To make simplified form, part related to the present invention in each figure, is only schematically show, they do not representIts practical structures as product.In addition, so that simplified form is readily appreciated, with identical structure or function in some figuresPart, only symbolically depicts one of those, or has only marked one of those.Herein, " one " is not only represented" only this ", it is also possible to represent the situation of " more than one ".
As shown in figure 1, according to one embodiment of present invention, a kind of data extraction method of magnanimity URL, including following stepSuddenly:S10, using Flume collection text subdata after, aggregate into text data, and text data be transmitted;Recycle and divideEach text data is collected local file pond by cloth web server framework respectively.

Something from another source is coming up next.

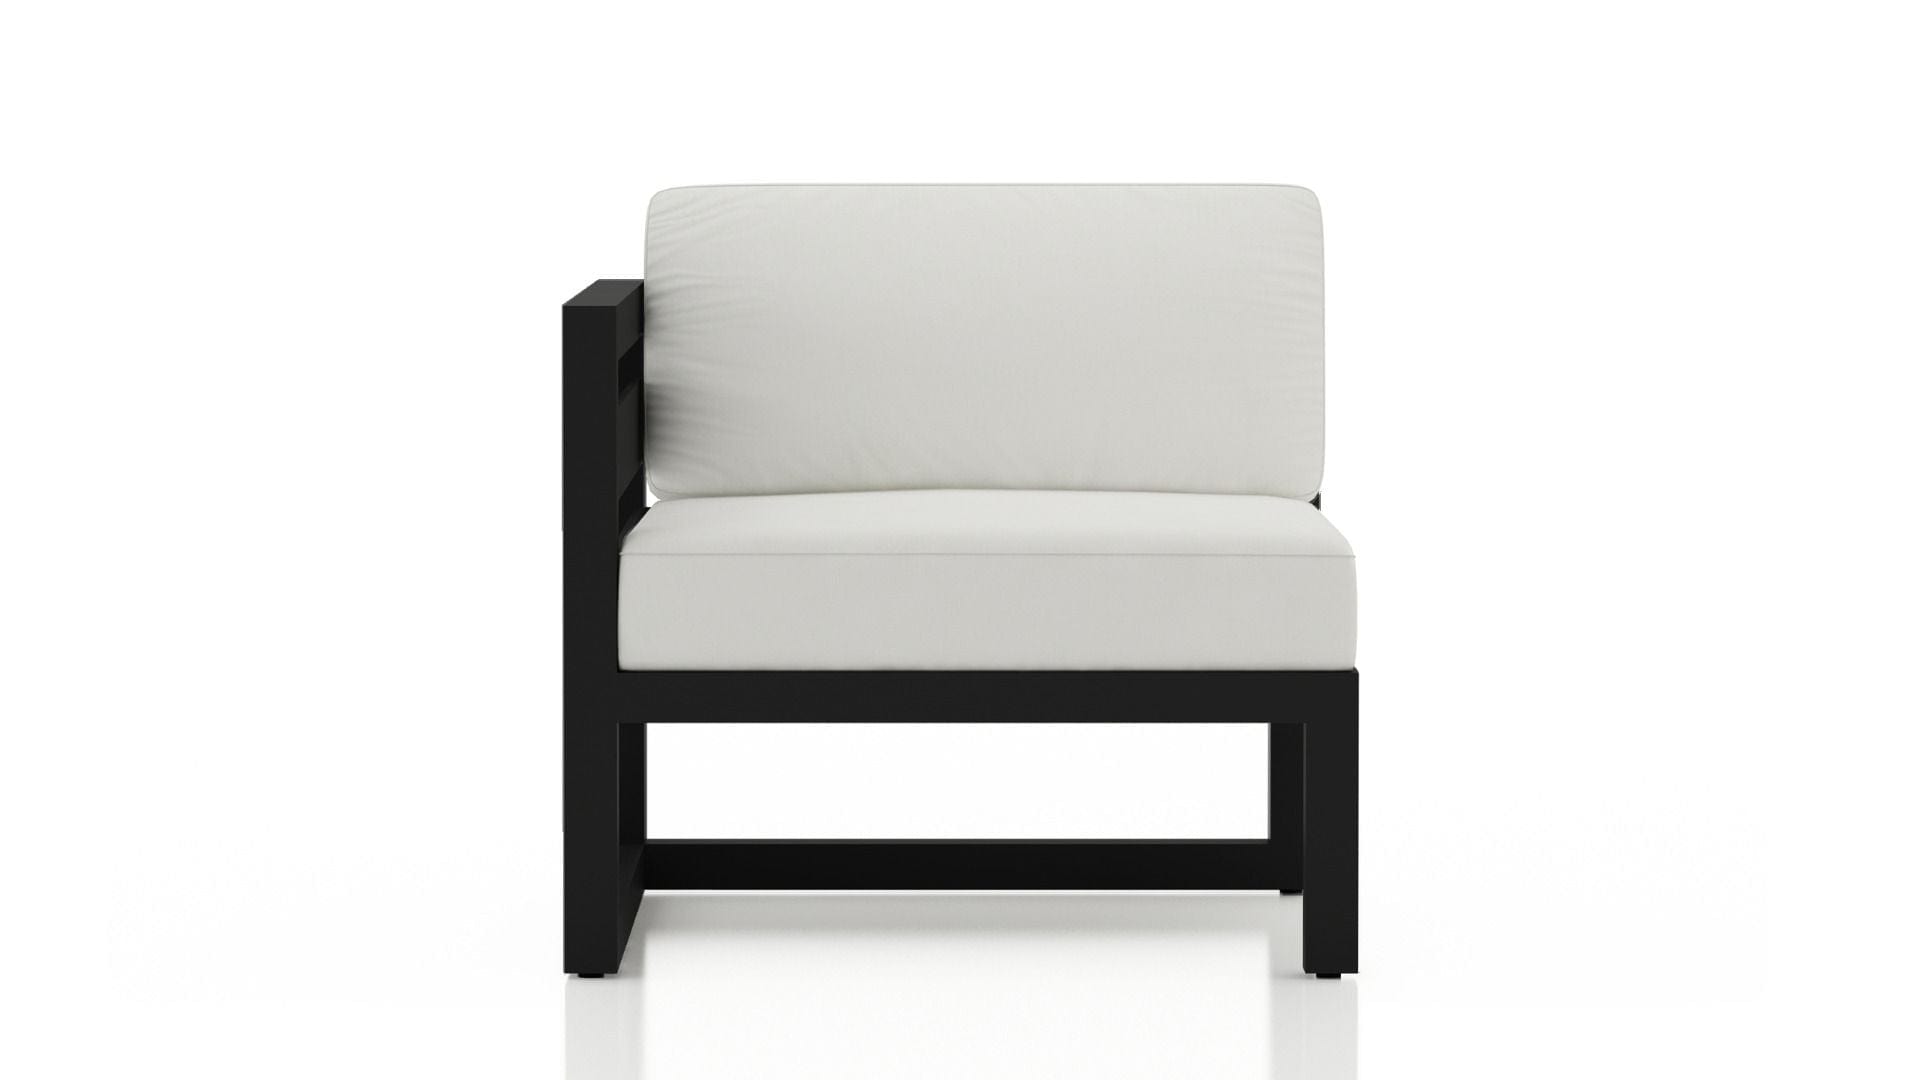 Harmonia Living Outdoor Furniture Harmonia Living - Avion Left Arm Section - Black | HL-AVN-BK-LAS

S20, the total text data obtained adding up in the local file pond are uploaded to the distributed text in high in the clouds of hadoopPart system hdfs1;Hadoop is distributed system base frame.
S40, using the Tool for Data Warehouse hive of hadoop from high in the clouds distributed file system hdfs1 total textThe keyword of distributed extraction URL in data.

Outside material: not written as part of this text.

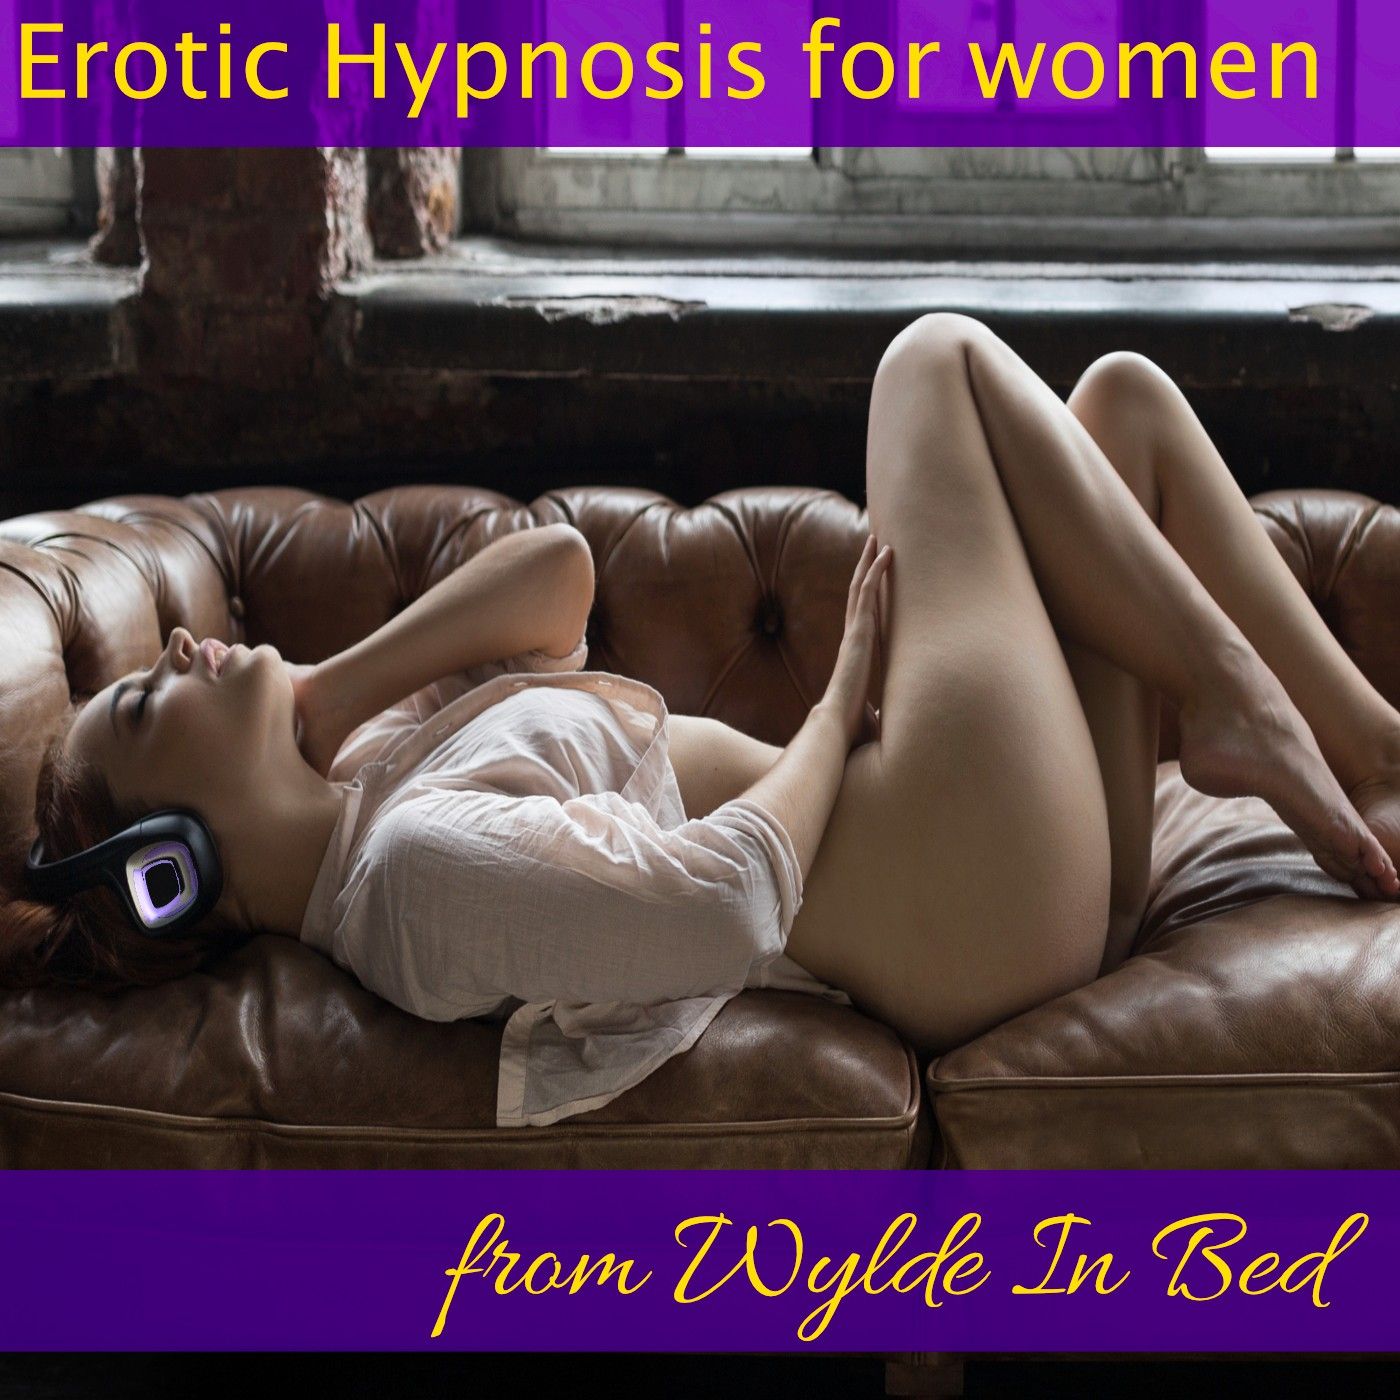 Hypno erotic story

Specifically, Flume is the High Availabitity that Cloudera is provided, and highly reliable, distributed massive logs are adoptedCollection, polymerization and the system transmitted, Flume support Various types of data sender is customized in log system, for collecting data;TogetherWhen, Flume is provided and data is carried out with simple process, and writes the ability of various data receivings (customizable).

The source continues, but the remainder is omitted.